Repeat only what runs from the line with "Blue & Orange Shirts" through the last line of the data below, both included, keeping every word as it is and leaving out the pictures.

## Recorded information

· · · · · · ·

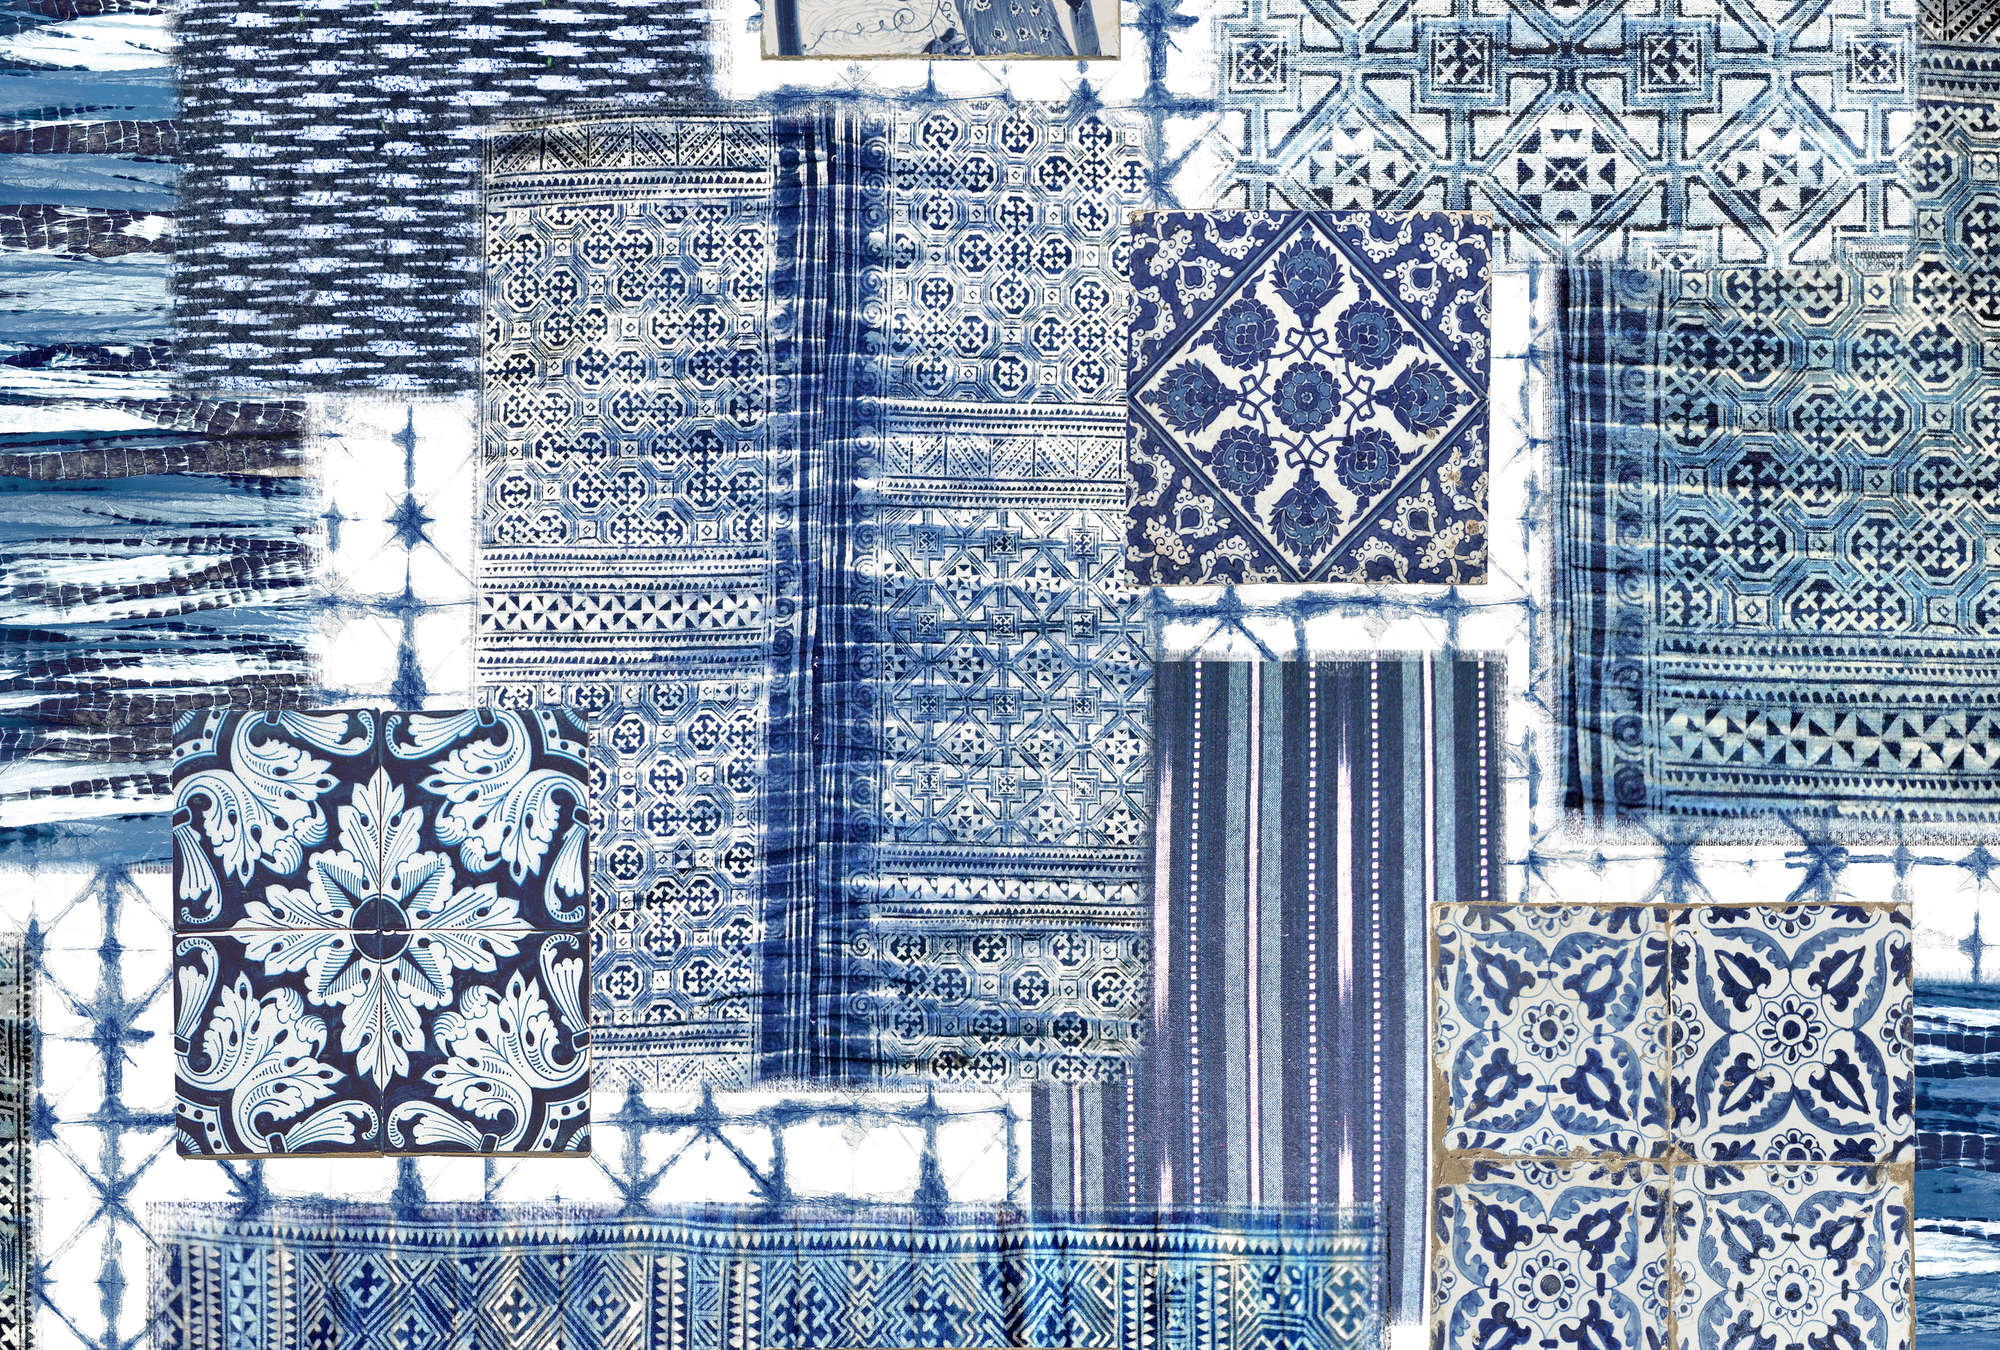             Papier peint patchwork, carreaux de Delft & à motifs - bleu, blanc
        
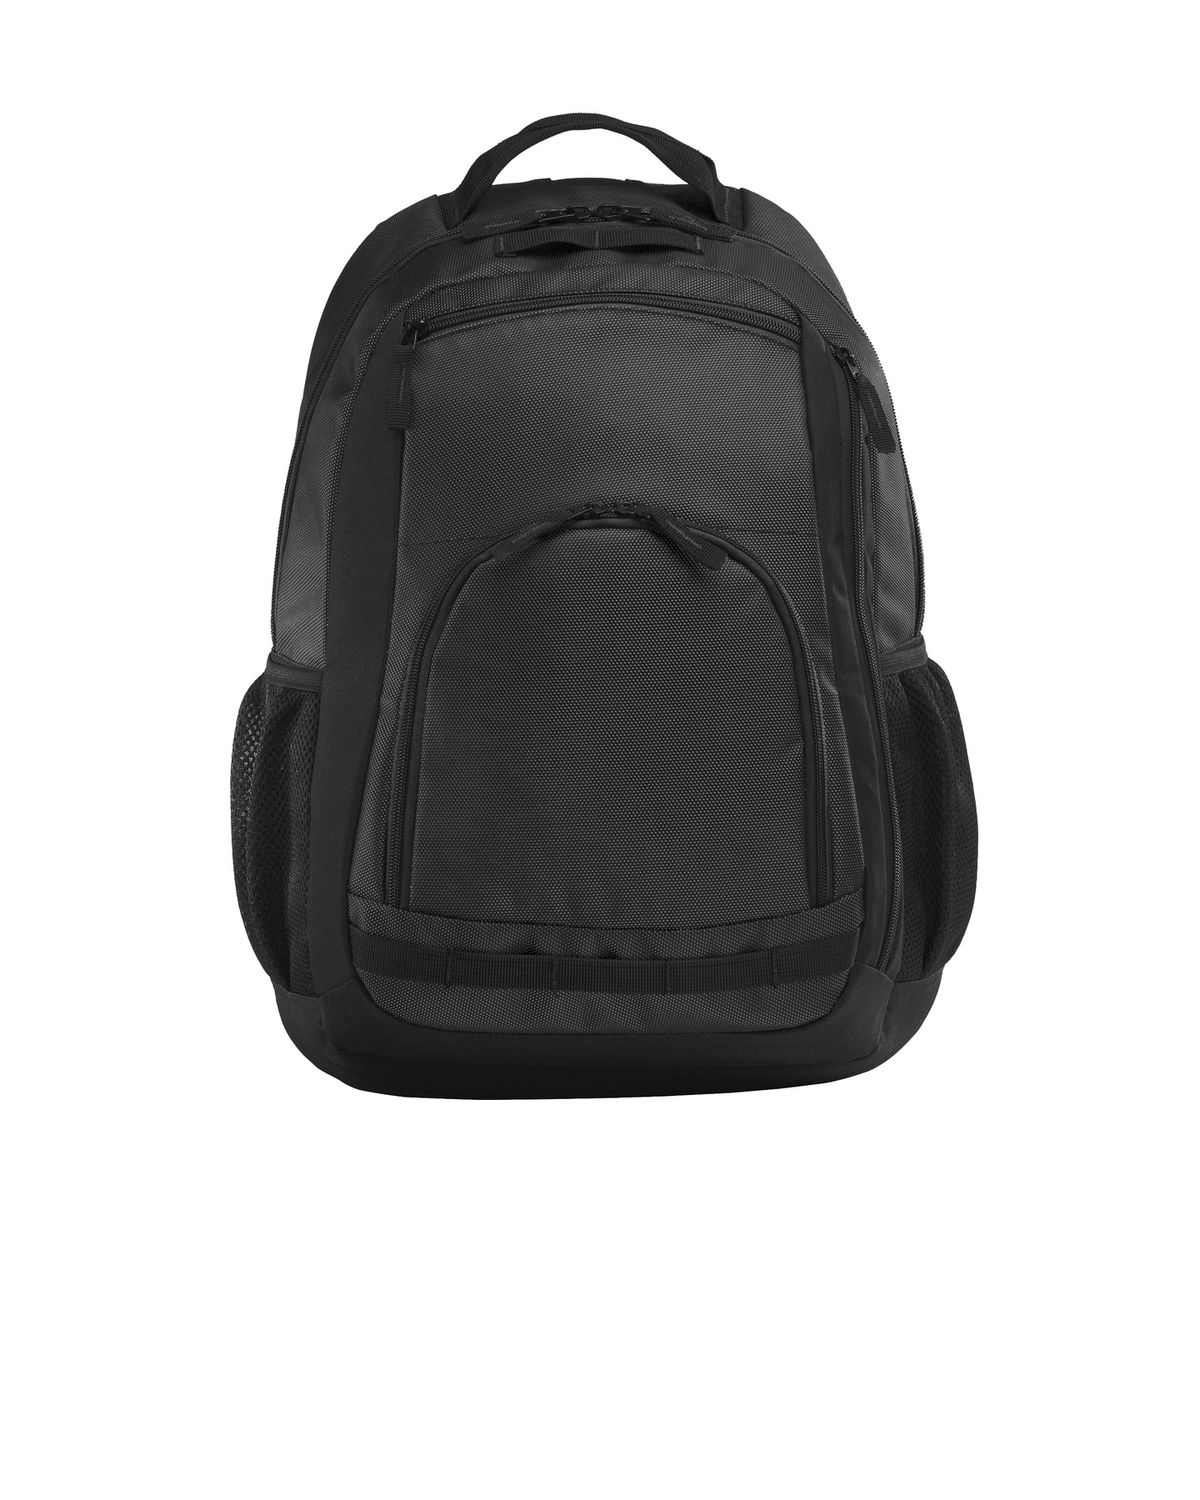 'Port Authority BG207 Xtreme Backpack'
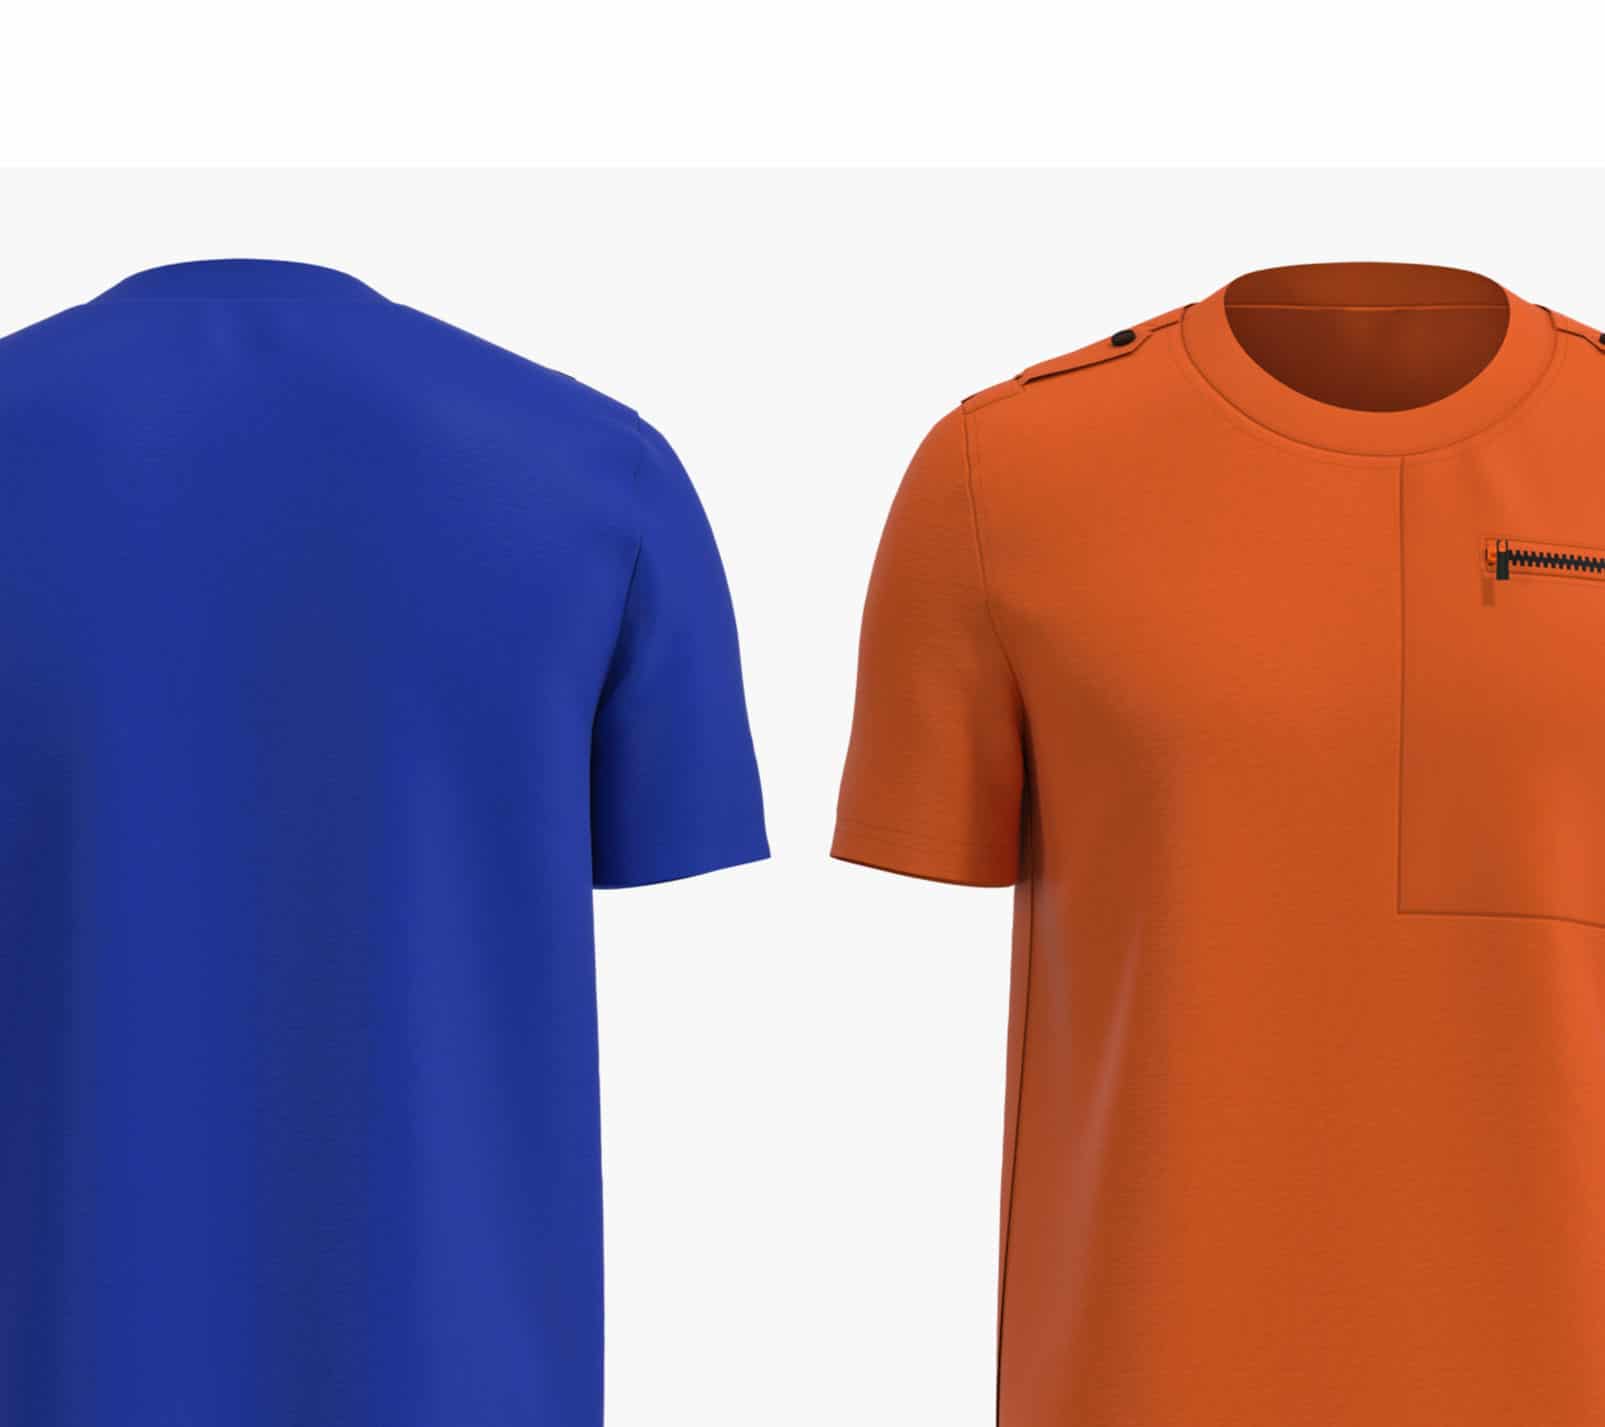 Blue & Orange Shirts
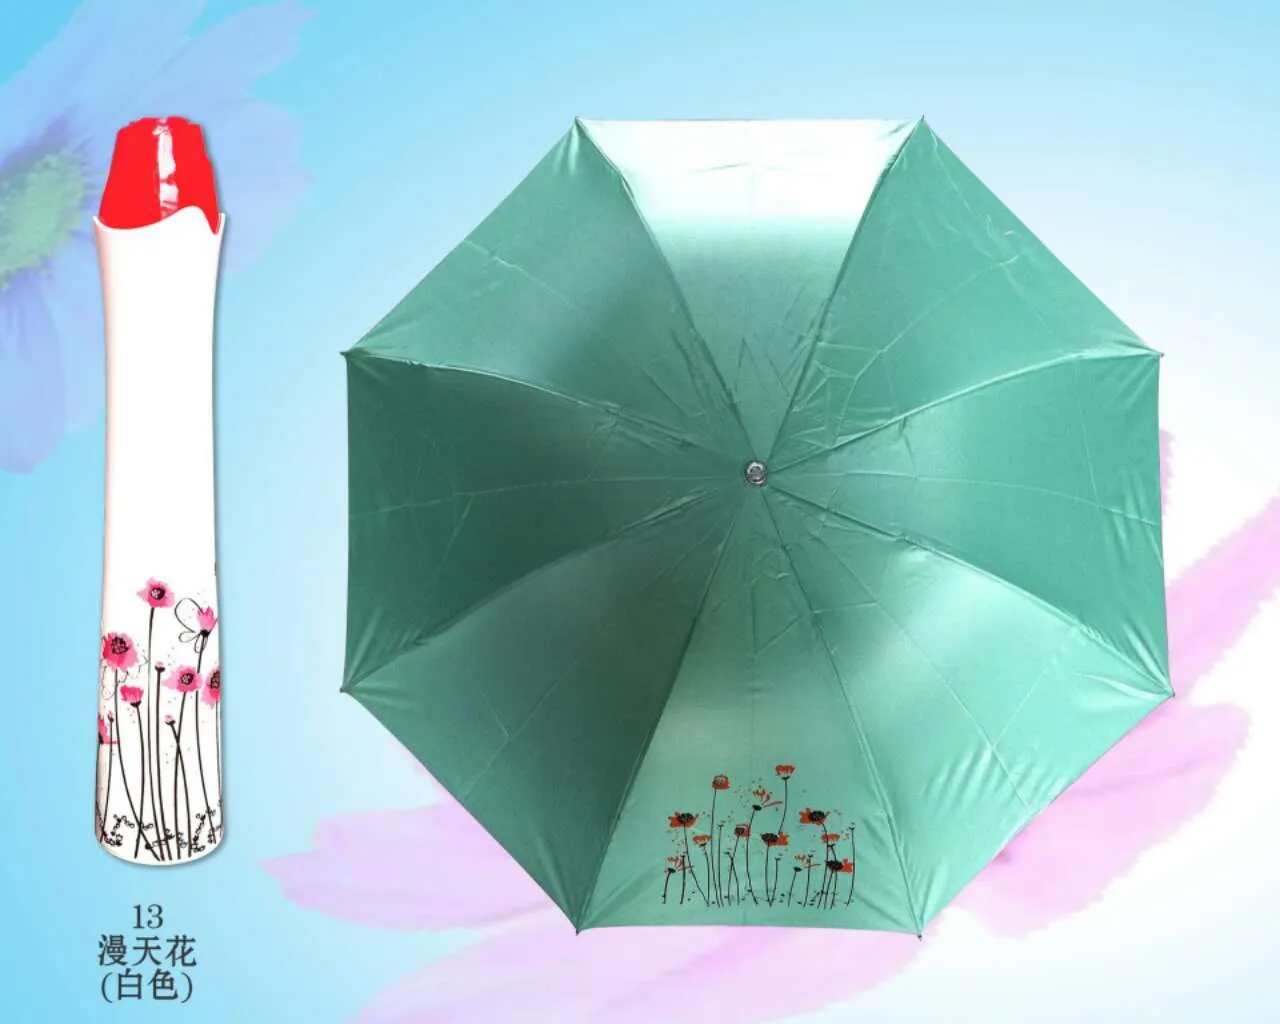 패션 크리 에이 티브 병 우산 / 와인 병 우산 여행 접이식 태양 우산 우산 windproof Sun Shade DHL 무료

· · · · · · ·

## Response to this exercise
 Blue & Orange Shirts
 패션 크리 에이 티브 병 우산 / 와인 병 우산 여행 접이식 태양 우산 우산 windproof Sun Shade DHL 무료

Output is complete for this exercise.